Solution - Adding, subtracting and finding the least common multiple

Rearrange:

Rearrange the equation by subtracting what is to the right of the equal sign from both sides of the equation :

                x/(x-2)+1*(x+2)-(8/(x^2-4))=0 

Step by step solution :

Step  1  :

               8  
 Simplify   ——————
            x2 - 4

Trying to factor as a Difference of Squares :

 1.1      Factoring:  x² - 4 

Theory : A difference of two perfect squares,  A² - B²  can be factored into  (A+B) • (A-B)

Proof :  (A+B) • (A-B) =
         A² - AB + BA - B² =
         A² - AB + AB - B² =
         A² - B²

Note :  AB = BA is the commutative property of multiplication.

Note :  - AB + AB equals zero and is therefore eliminated from the expression.

Check : 4 is the square of 2
Check :  x²  is the square of  x¹ 

Factorization is :       (x + 2)  •  (x - 2) 

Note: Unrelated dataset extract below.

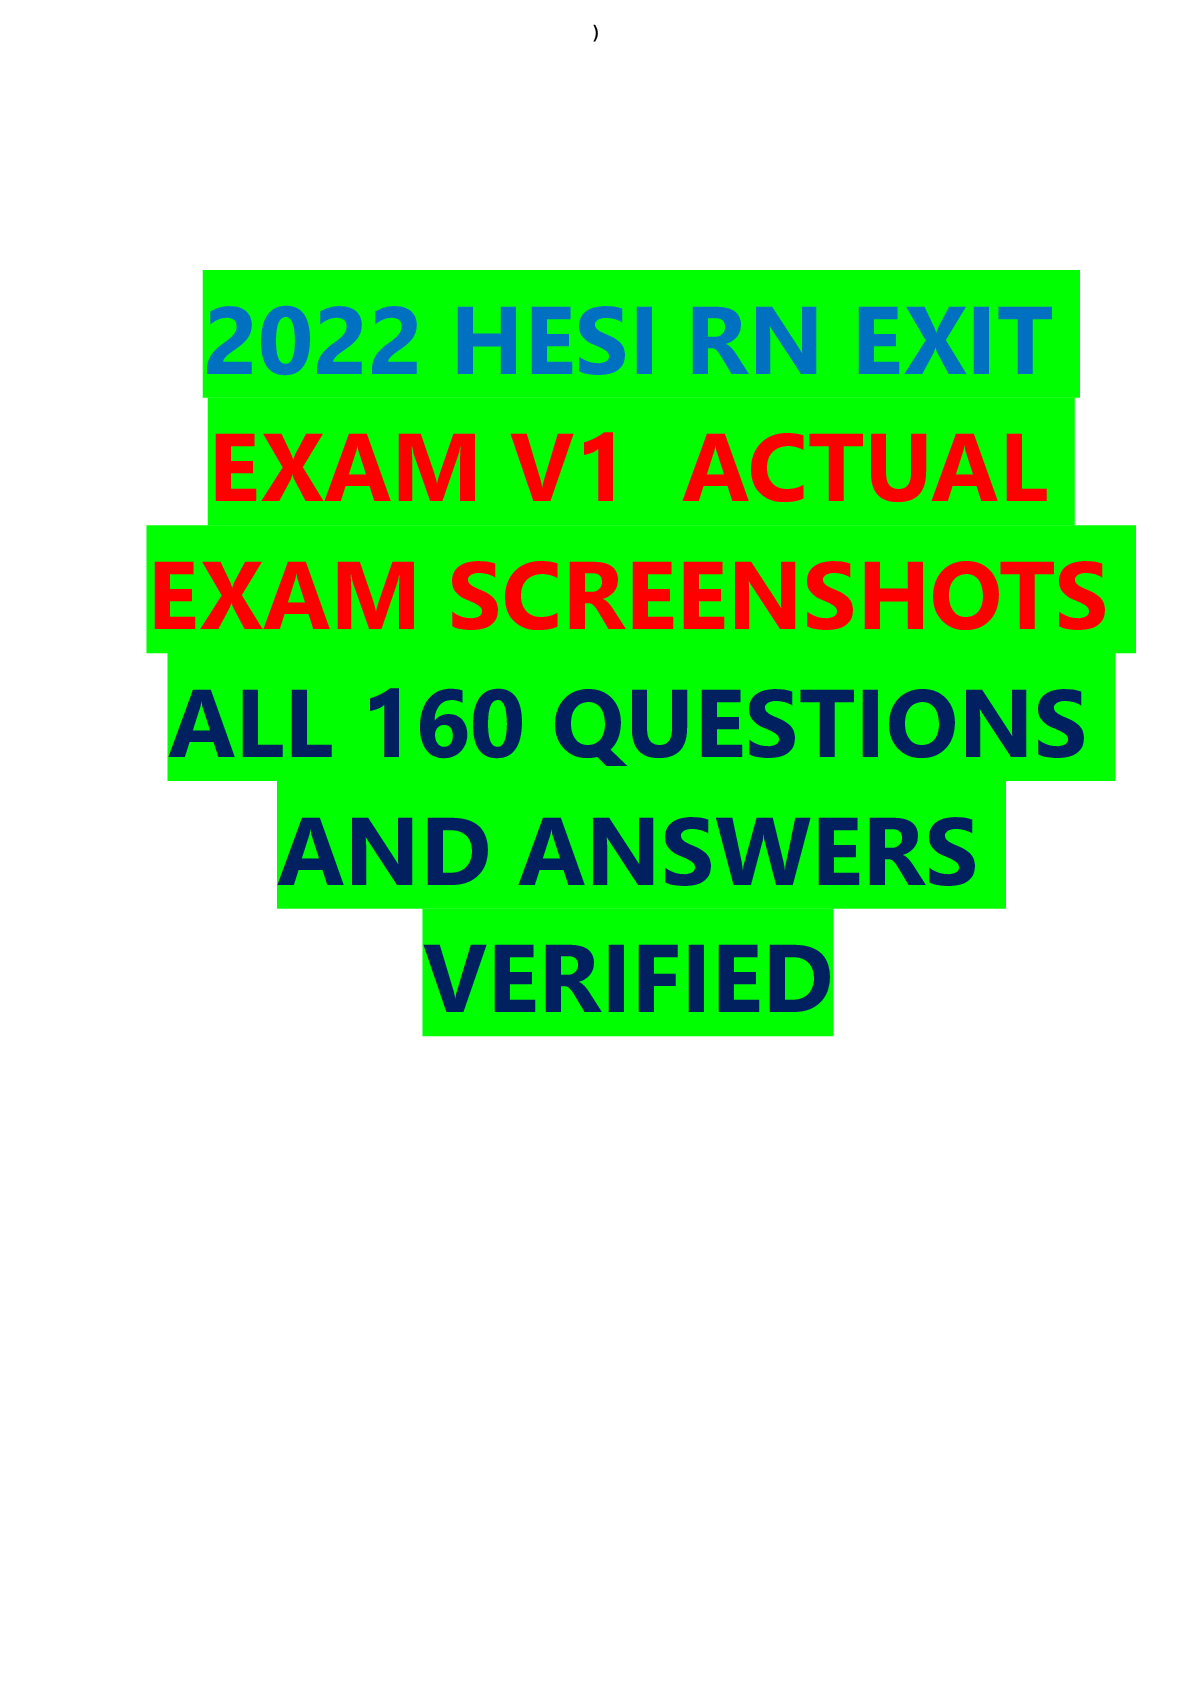 2022 HESI RN EXIT EXAM V1 ACTUAL EXAM SCREENSHOTS ALL 160 QUESTIONS AND

Equation at the end of step  1  :

     x                   8     
  (—————+(1•(x+2)))-———————————  = 0 
   (x-2)            (x+2)•(x-2)

Step  2  :

Equation at the end of step  2  :

     x               8     
  (—————+(x+2))-———————————  = 0 
   (x-2)        (x+2)•(x-2)

Step  3  :

              x  
 Simplify   —————
            x - 2

Equation at the end of step  3  :

     x                          8        
  (————— +  (x + 2)) -  —————————————————  = 0 
   x - 2                (x + 2) • (x - 2)

Step  4  :

Rewriting the whole as an Equivalent Fraction :

 4.1   Adding a whole to a fraction

Rewrite the whole as a fraction using  (x-2)  as the denominator :

             x + 2     (x + 2) • (x - 2)
    x + 2 =  —————  =  —————————————————
               1            (x - 2)     

Equivalent fraction : The fraction thus generated looks different but has the same value as the whole

Common denominator : The equivalent fraction and the other fraction involved in the calculation share the same denominator

Adding fractions that have a common denominator :

 4.2       Adding up the two equivalent fractions
Add the two equivalent fractions which now have a common denominator

Combine the numerators together, put the sum or difference over the common denominator then reduce to lowest terms if possible:

 x + (x+2) • (x-2)      x2 + x - 4
 —————————————————  =  ———————————
     1 • (x-2)         1 • (x - 2)

Equation at the end of step  4  :

  (x2 + x - 4)            8        
  ———————————— -  —————————————————  = 0 
  1 • (x - 2)     (x + 2) • (x - 2)

Step  5  :

Trying to factor by splitting the middle term

 5.1     Factoring  x²+x-4 

The first term is,  x²  its coefficient is  1 .
The middle term is,  +x  its coefficient is  1 .
The last term, "the constant", is  -4 

Step-1 : Multiply the coefficient of the first term by the constant   1 • -4 = -4 

Step-2 : Find two factors of  -4  whose sum equals the coefficient of the middle term, which is   1 .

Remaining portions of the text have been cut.